- _What this task involves_: Please reproduce all of the data below exactly, leaving each picture out.

- _Source material_:
╭──
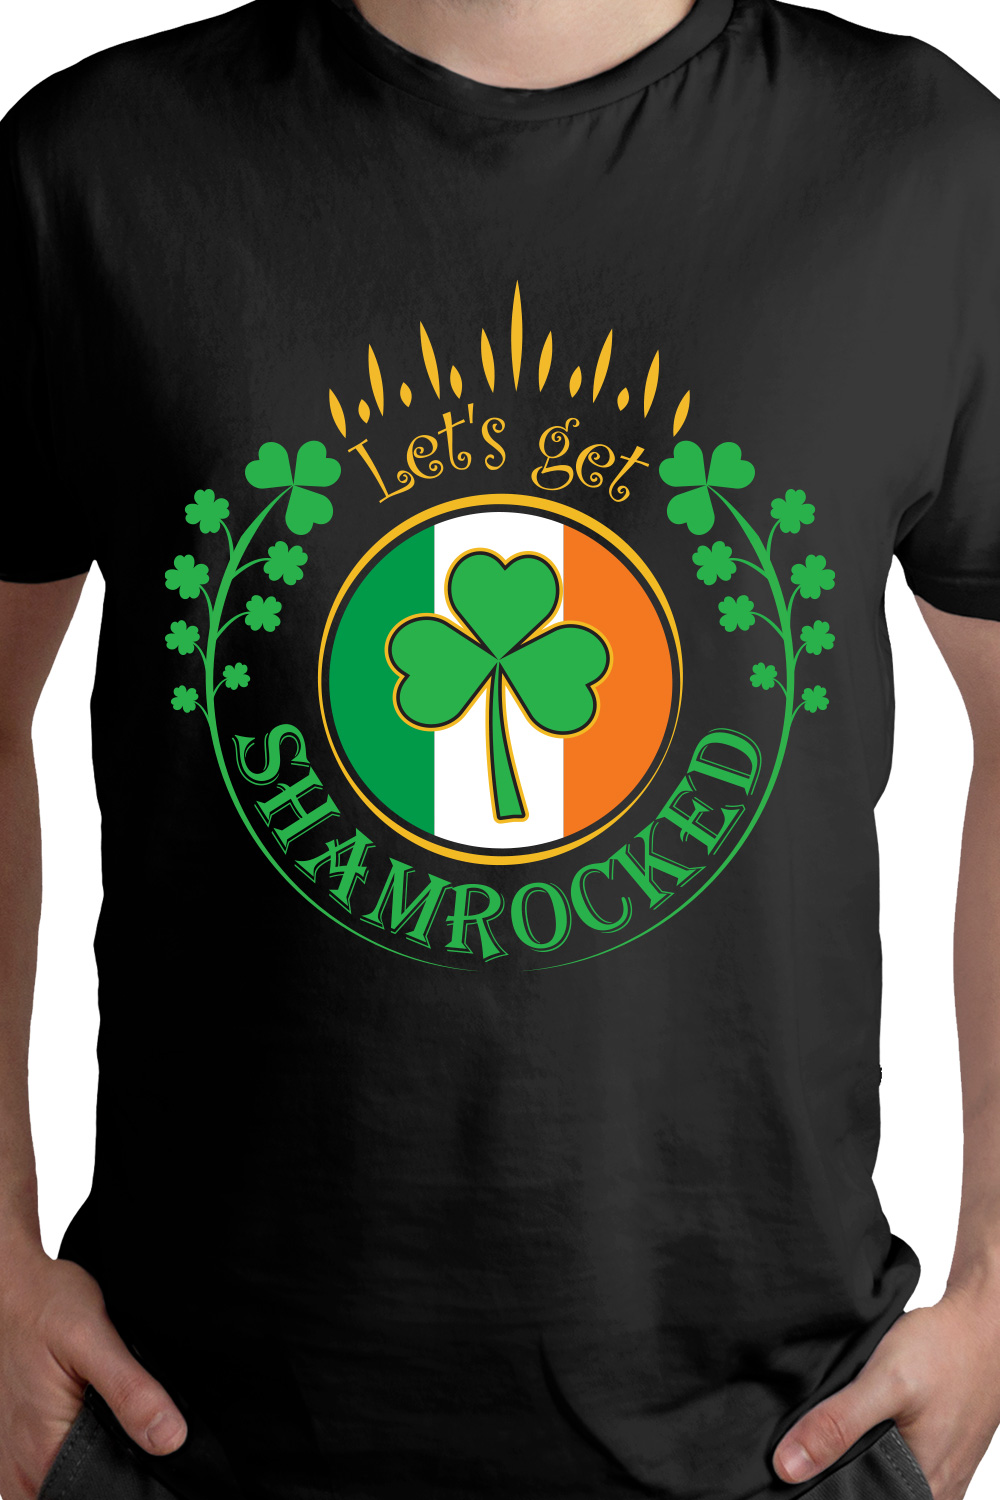 Let’s get shamrocked St Patrick's day t-shirt design pinterest preview image.
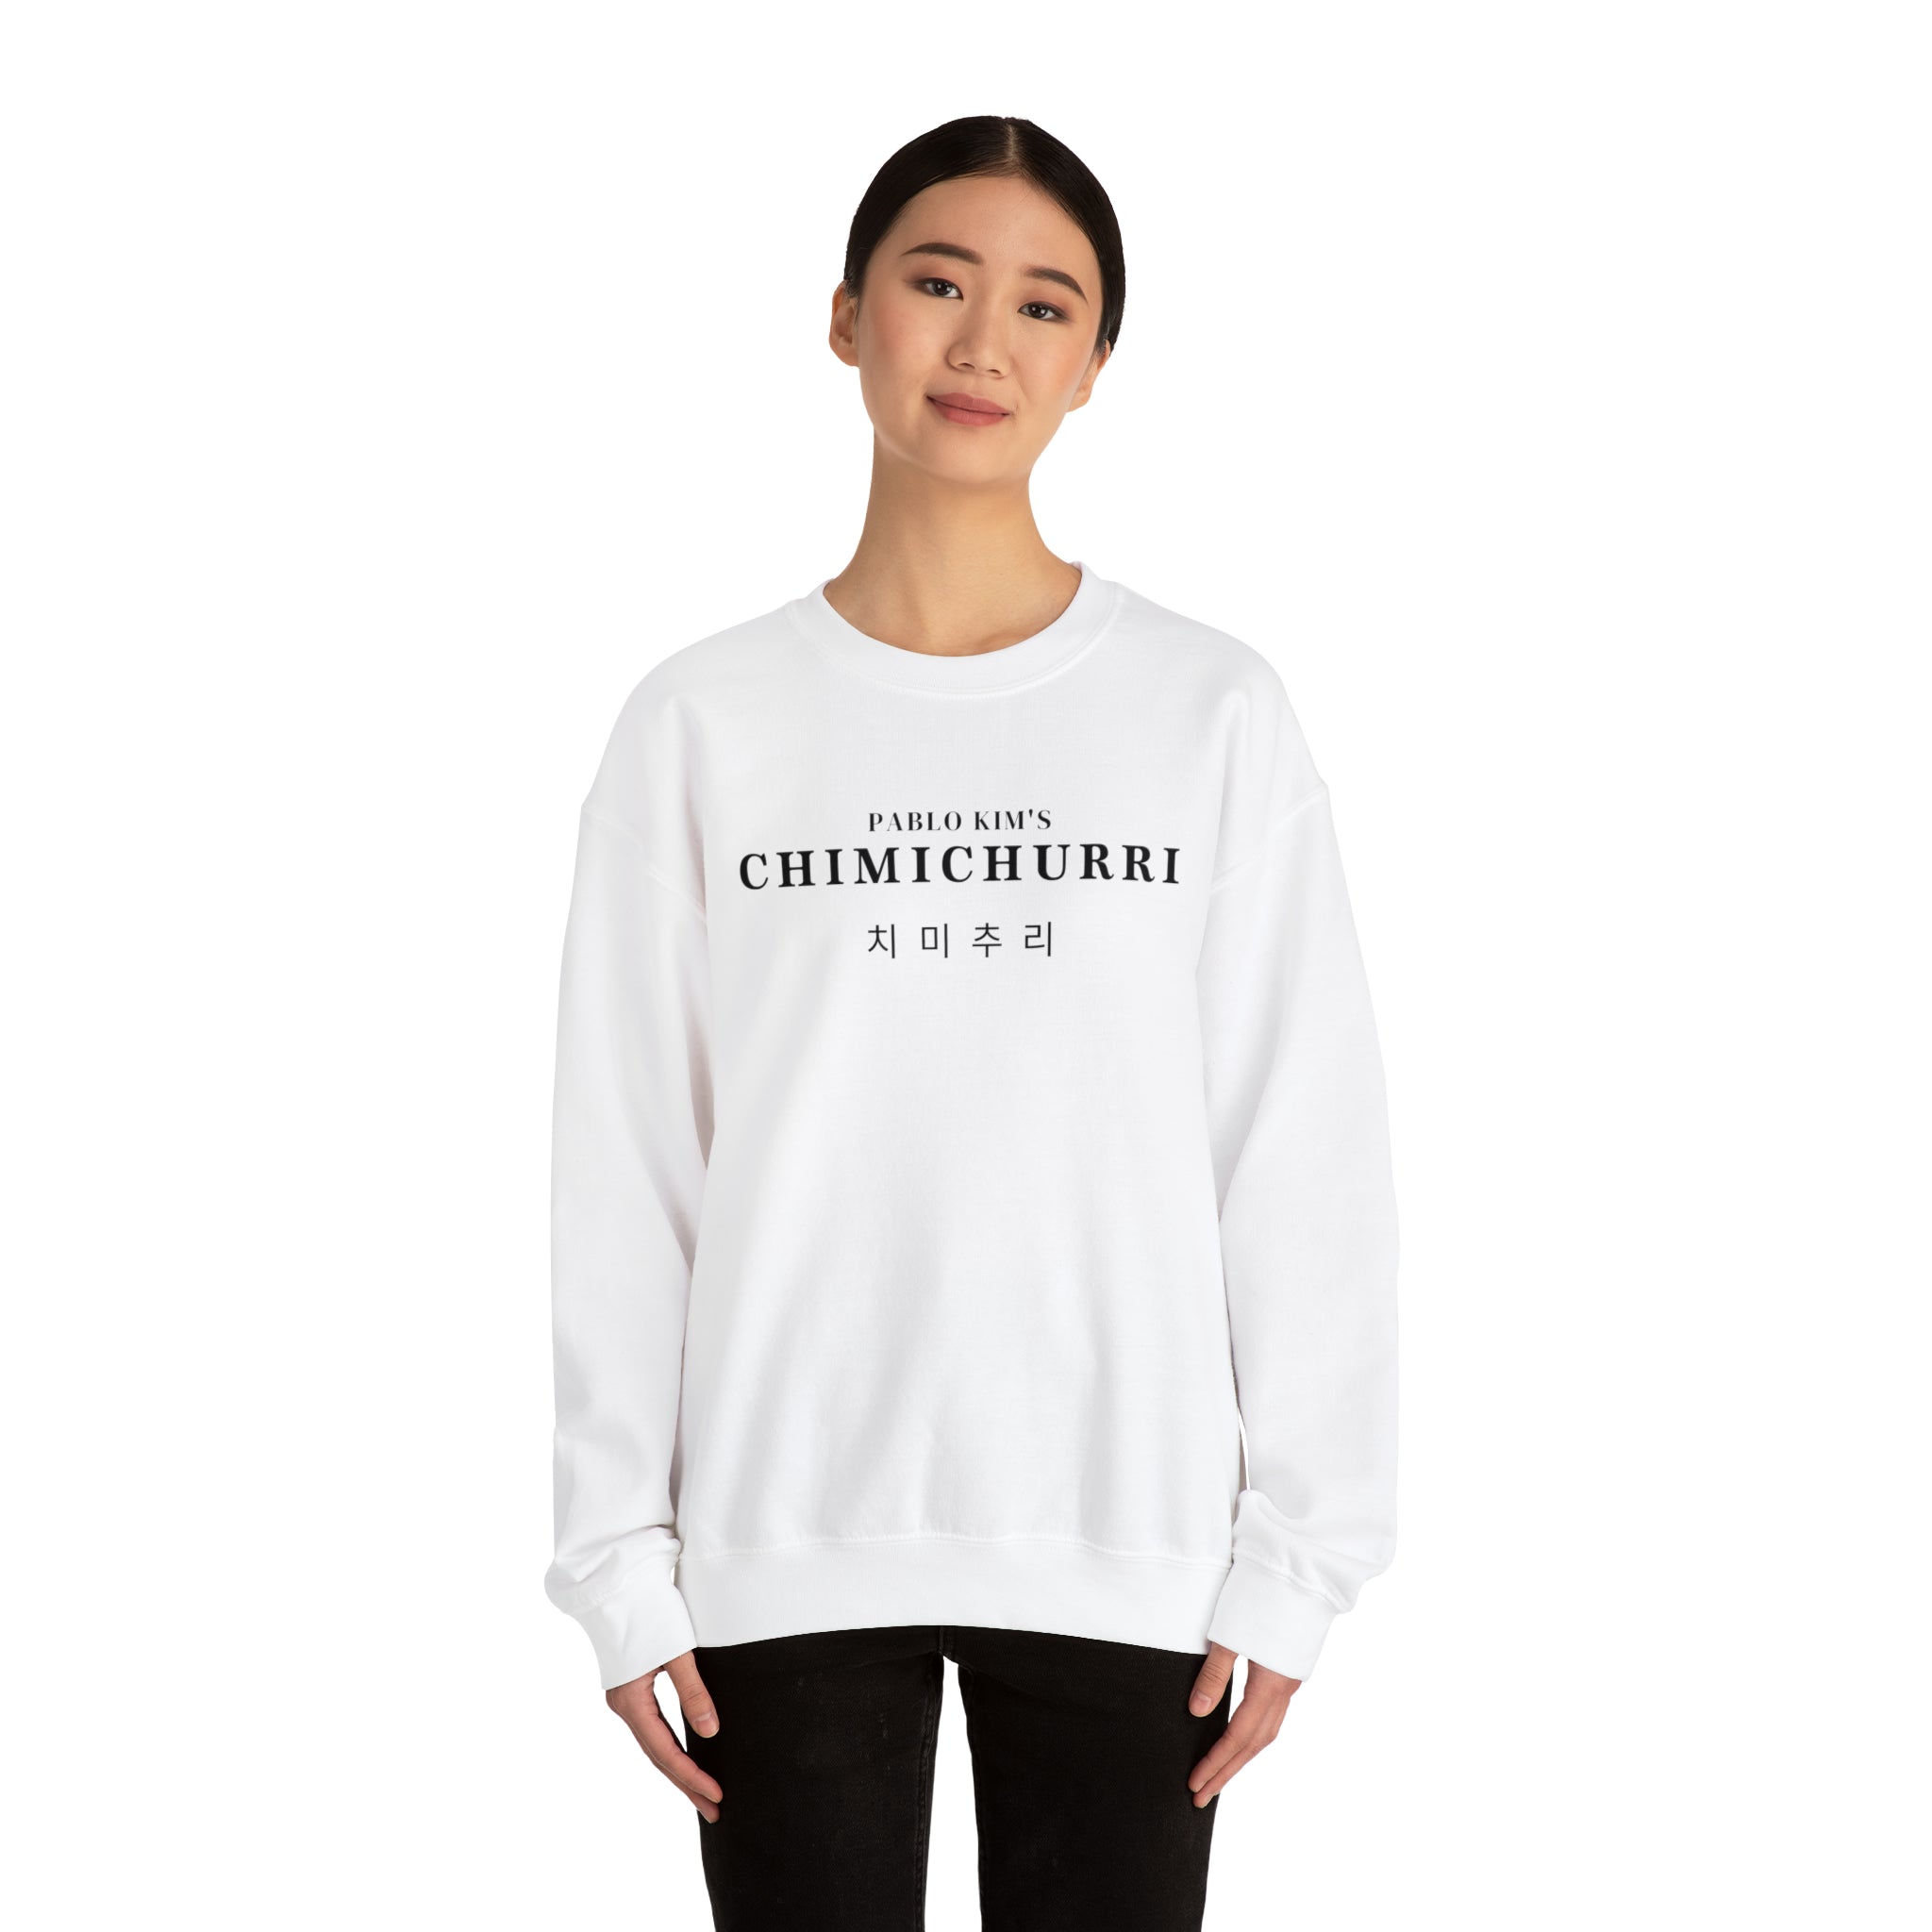 Chimichurri with Korean Text - Crewneck Sweatshirt
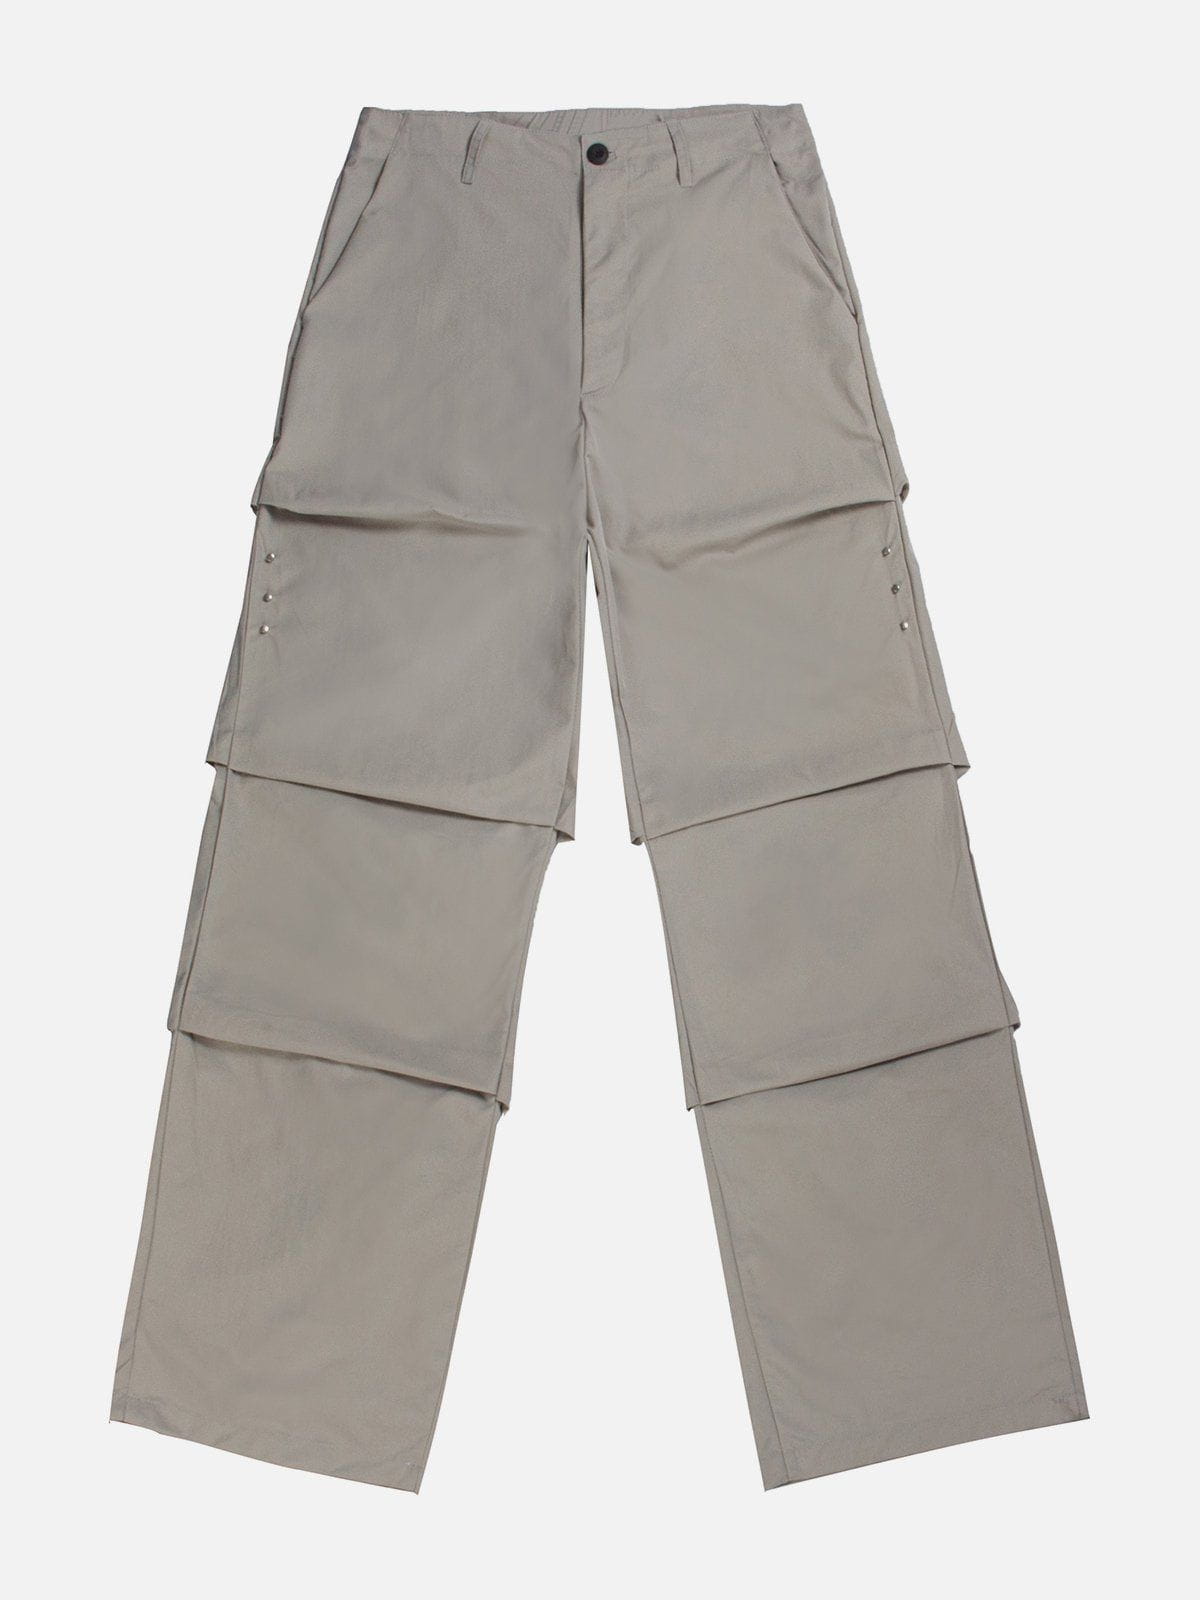 Majesda® - Stacking Cargo Pants outfit ideas streetwear fashion
╰──
- _Answer to this problem_:
 Let’s get shamrocked St Patrick's day t-shirt design pinterest preview image.
 Chimichurri with Korean Text - Crewneck Sweatshirt
 Majesda® - Stacking Cargo Pants outfit ideas streetwear fashion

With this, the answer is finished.